Bramachariya asks us to look for the Divine in everything. If we saw the Divine everywhere, there is no way we could hurt the earth knowingly through misuse and excess.
If practicing Aparigraha, or non-greed or hoarding, we are satisfied with what we have and allow the natural flow of the universe to be a part of our lives. We don’t hoard for fear we will not have enough, if we believe the Earth will provide for our needs. We don’t try to acquire what it is we do not truly need. Satya and Ahimsa, the first two tenets, can be used here again to evaluate what is actual need, and what is simply desire that could cause harm in the acquisition.
These 5 tenets are called the Yamas, or observances. These are part of the 10 ethical precepts in yoga, steps that are actually required, according to classical yoga as outlined by patanjali in 400 BC, before any asana is done. I just read them referred to as precepts for social discipline, which I like because it implies this is not just about US. When these guidelines are followed, we enter into a relationship with our fellow beings and the earth That is based on respect, a vow to constantly observe our actions (because we want to), and even a sense of devotion. We end up wanting to give back to the earth because of the recognition of what mother earth has given us.

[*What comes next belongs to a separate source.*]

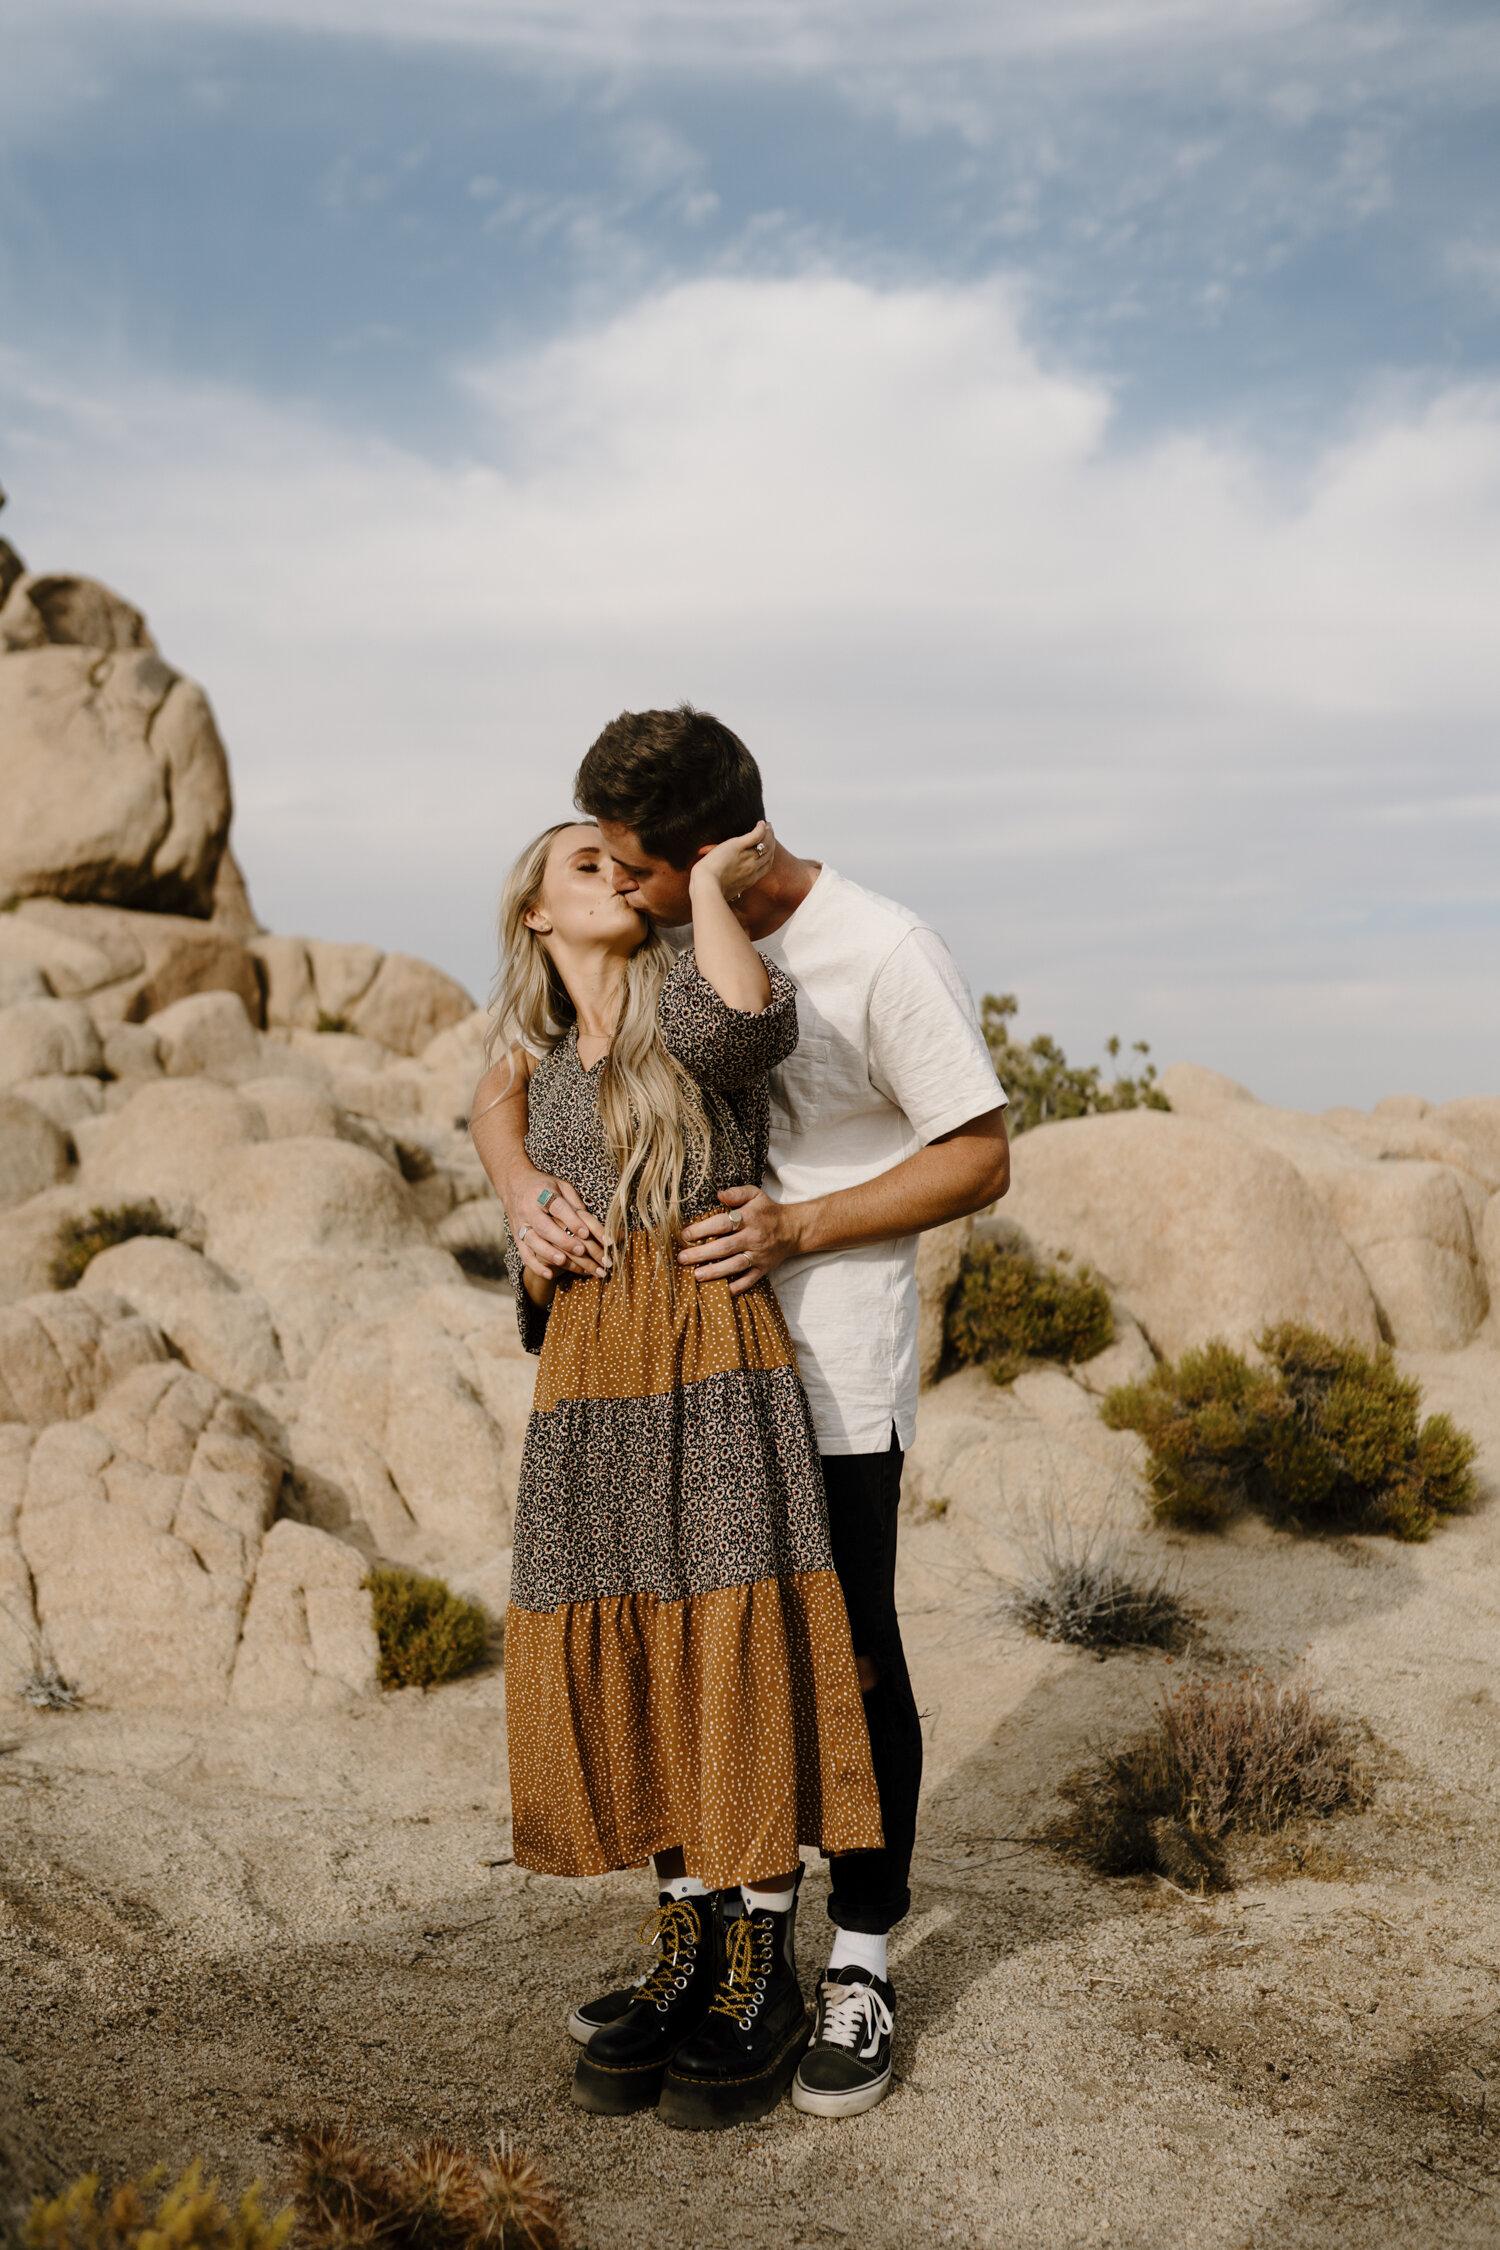 Joshua Tree Intimate Engagement Session by Kayli LaFon Photography

So that was maybe too philosophical, and we can be more to the point. People who practice yoga are generally calmer, happier, better rested, and so will have a tendency to be more observant of their surroundings. They don’t have to spend a lot of energy being miserable, because they are not. And it does in fact take some energy to be miserable, does it not? But Back to our yoga practitioner, It takes an observant person, who can see what is best for the relationship with their surroundings and what is most harmonious, to help shift things, whether in their own household, or in the society at large. It is a harmonious relationship that appeals to the highly sensitive body, that doesn’t grate on the energetic body by feeling “wrong”, and satisfies the mental body as the thoughts are not disturbed by contradictory actions. And it is the strong desire for a harmonious relationship that helps positive change come about. Change that feeds and heals not only the earth, but also our own bodies and minds.
Even if we never read the texts that outline the Yamas, (for sale at the yoga loka booth) and even if we never heard them spoken about, as we continue to get more and more in touch with our bodies through the physical practices, the more these observances come to us, like an idea once heard and now remembered.
What created our bodies is the same force that created the earth. Keeping ourselves healthy means we will be able to honor and serve that force for a longer period of time. And the yogis say that the best way to burn karma quickly, is to be in service to others.